GO ( is an international classification system for standardized gene functions, offering a controlled vocabulary and a strictly defined conceptualization for comprehensively describing the properties of genes and their products within any organism. The three main, independent GO categories are biological processes, molecular functions, and cellular components. With NR annotation, we used the Blast2GO (version 2.3.5) ( Program [25] to obtain GO annotations and were able to map 15,145 (25.59%) unigenes to GO terms. Because a transcript sometimes had multiple terms, 15,145 of our unigenes could be summarized into the three main GO categories and then into 44 sub-categories. Of these, 10,562 (69.74%) comprised the largest category, molecular function, followed by cellular component (10,318, 68.13%) and biological process (8,721, 57.58%) (Figure 2B). Within the biological process group, the great majority was related to metabolic process (GO: 0008152, 70.85%) and cellular processes (GO: 0009987, 66.19%). Within cellular component, the largest proportion were assigned to cells (GO: 0005623, 98.73%), cell parts (GO: 0044464, 89.19%), and organelles (GO: 0043226, 70.01%). Approximately 70.85%, of those for cellular components pertained to catalytic activity (GO: 0003824), followed by binding (GO: 0005488, 63.42%).

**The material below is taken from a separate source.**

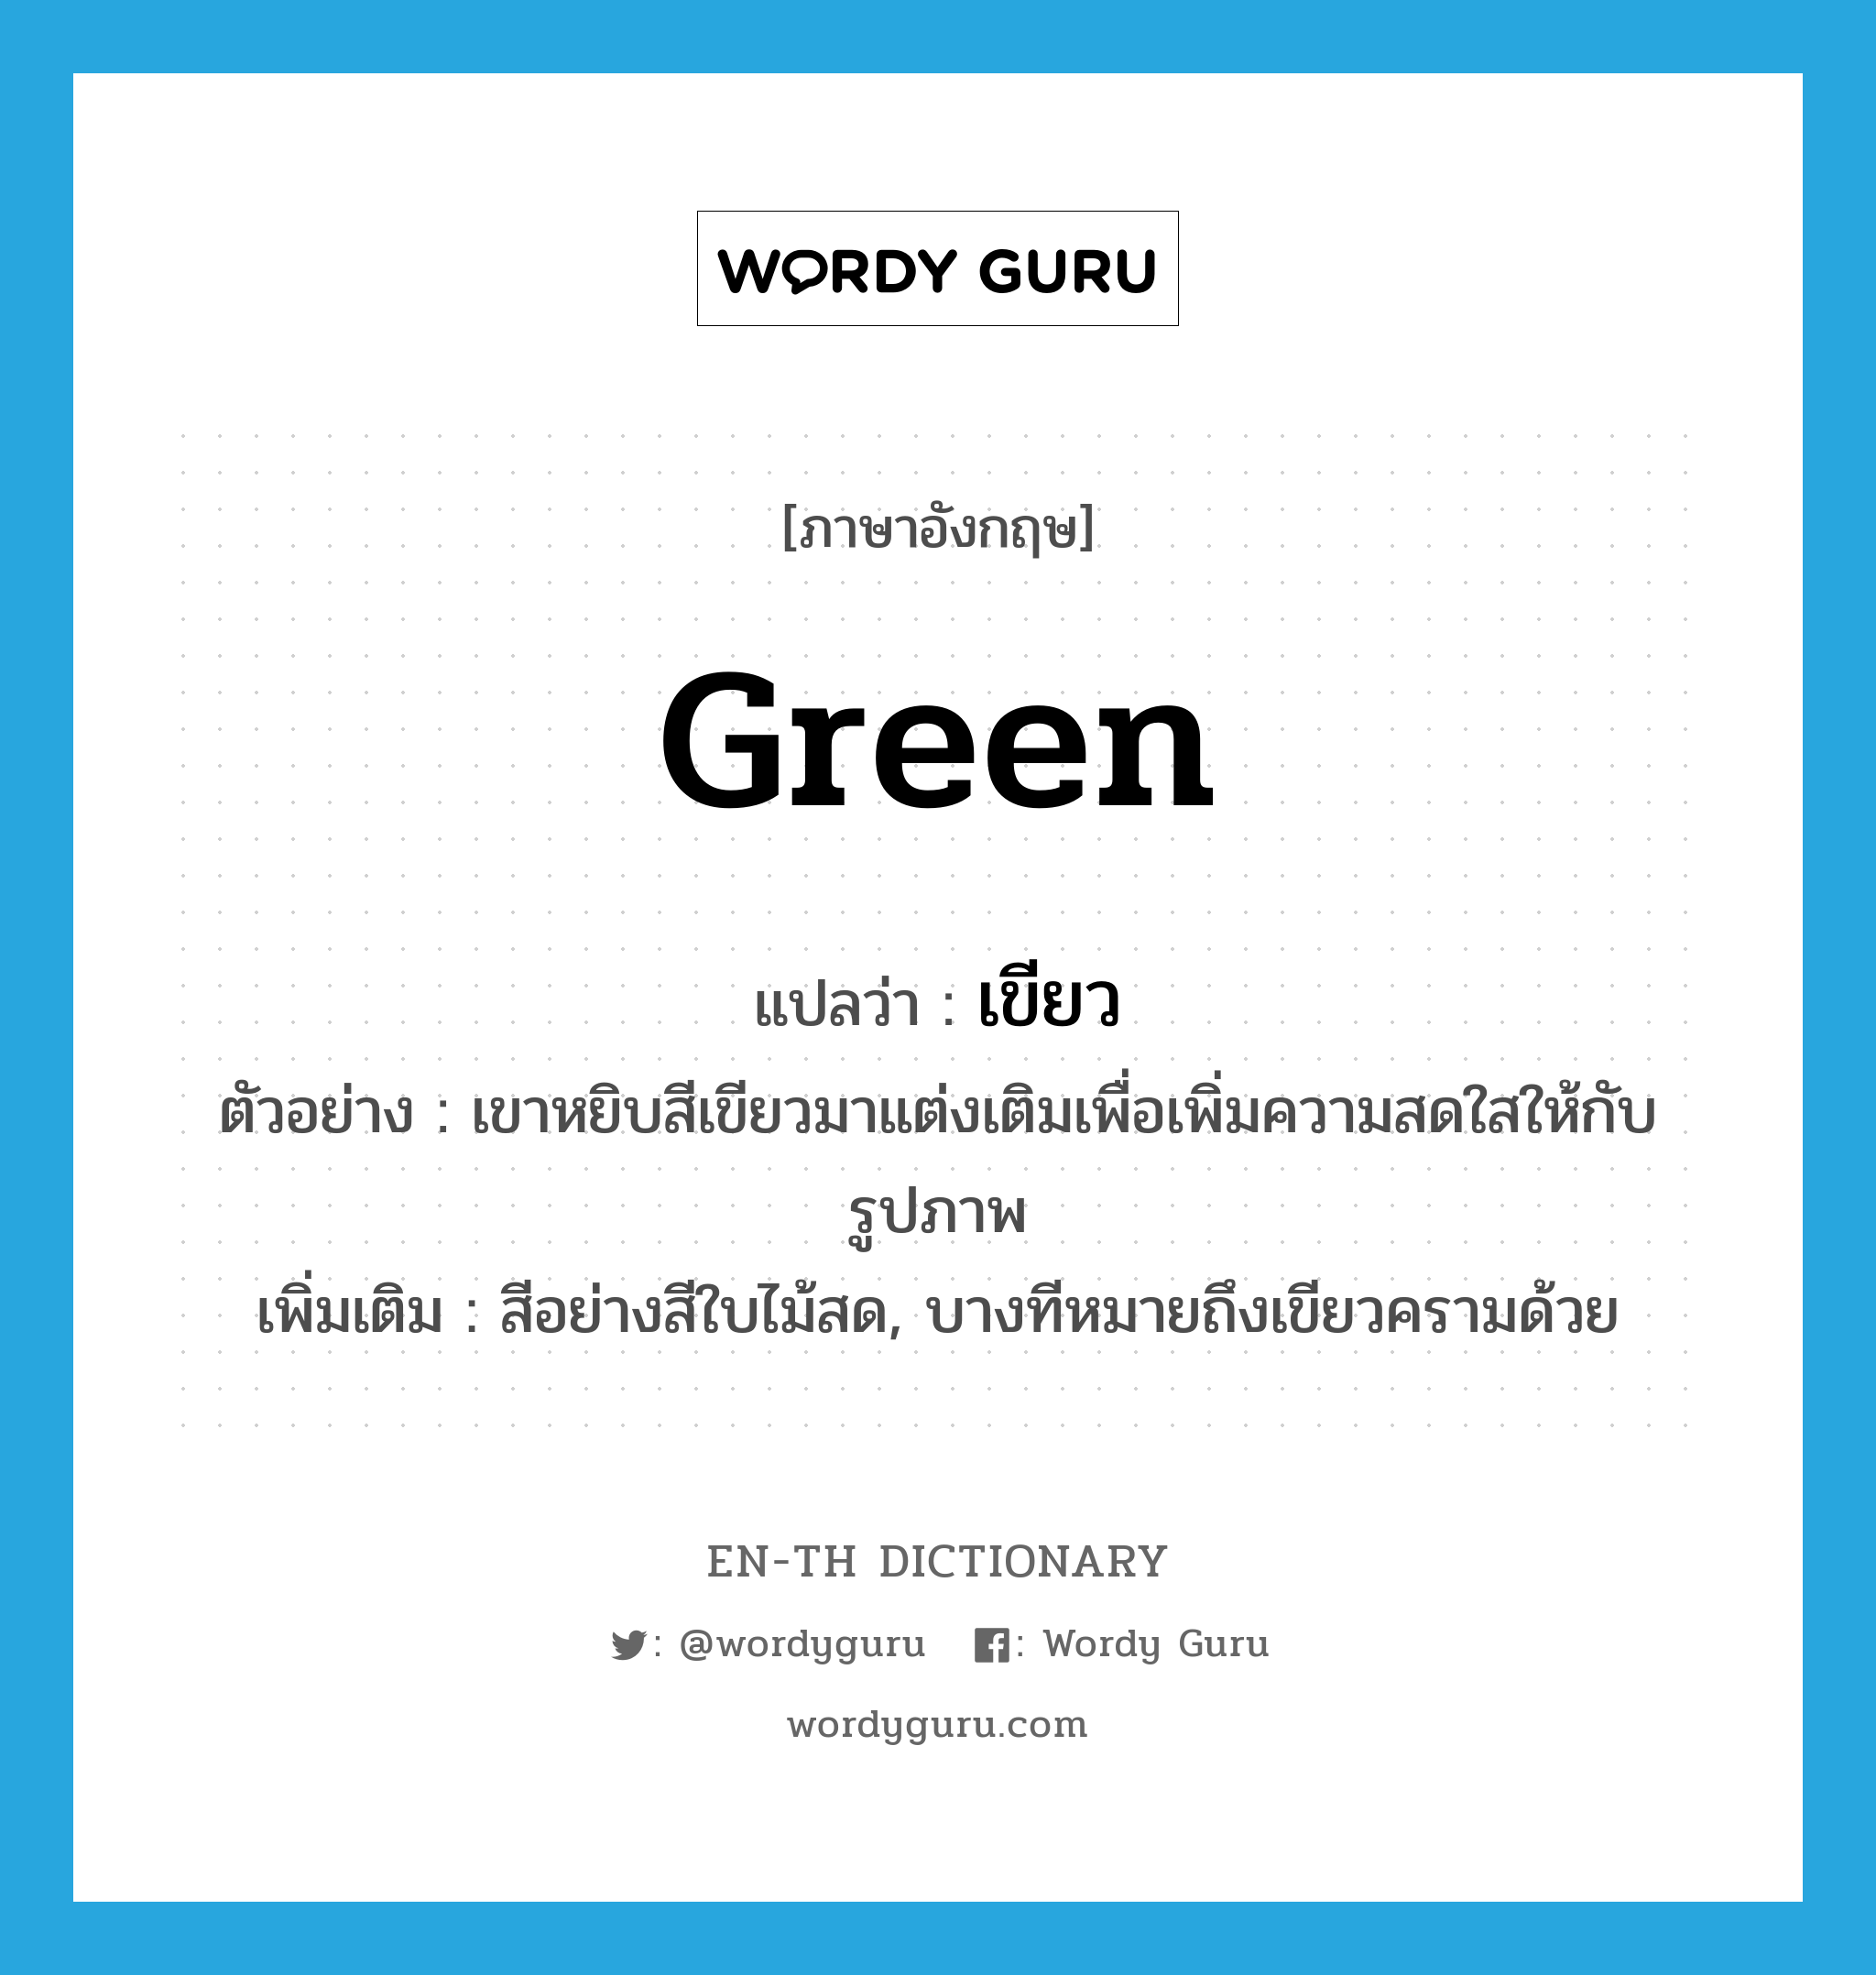 green แปลว่า?, คำศัพท์ภาษาอังกฤษ green แปลว่า เขียว ประเภท N ตัวอย่าง เขาหยิบสีเขียวมาแต่งเติมเพื่อเพิ่มความสดใสให้กับรูปภาพ เพิ่มเติม สีอย่างสีใบไม้สด, บางทีหมายถึงเขียวครามด้วย หมวด N

Using the KEGG ( database, we mapped 20,548 unigenes to 121 pathways. Among them, 4,148 were involved in metabolic pathways. Another 2,359, related to secondary metabolism, were mapped to 35 pathways (Figure 3). For example, the “Purine metabolism pathway” (ID: ko00230) and “phenylpropanoid biosynthesis pathway” (ID: ko00940) were the largest groups, containing 397 unigenes. The latter is the upstream pathway for flavonoid biosynthesis. We also found 242 and 115 unigenes in the “flavonoid biosynthesis pathway” (ID: ko00941) and “flavone and flavonol biosynthesis pathway” (ID: ko0094), respectively.

Figure 3. Unigenes from Hypericum perforatum related to secondary metabolic pathways.

Genes Related to Major Secondary Metabolism

Biosynthesis of hypericin begins with the condensation of one molecule of acetyl-CoA with seven molecules of malonyl-CoA. The octaketide chain that forms subsequently undergoes cyclization and decarboxylation, leading to the formation of emodin anthrone (Figure 4A) [7]. For hypericin biosynthesis, Hyp-1 (Hypericum perforatum phenolic oxidative coupling protein) plays an important role in catalyzing that condensation reaction from emodin to hypericin [16]. Our annotated databases revealed 12 unigenes homologous to Hyp-1 (Table 3).

Figure 4. Putative biosynthesis pathways for hypericin (A), hyperforin (B), and melatonin (C) in Hypericum perforatum.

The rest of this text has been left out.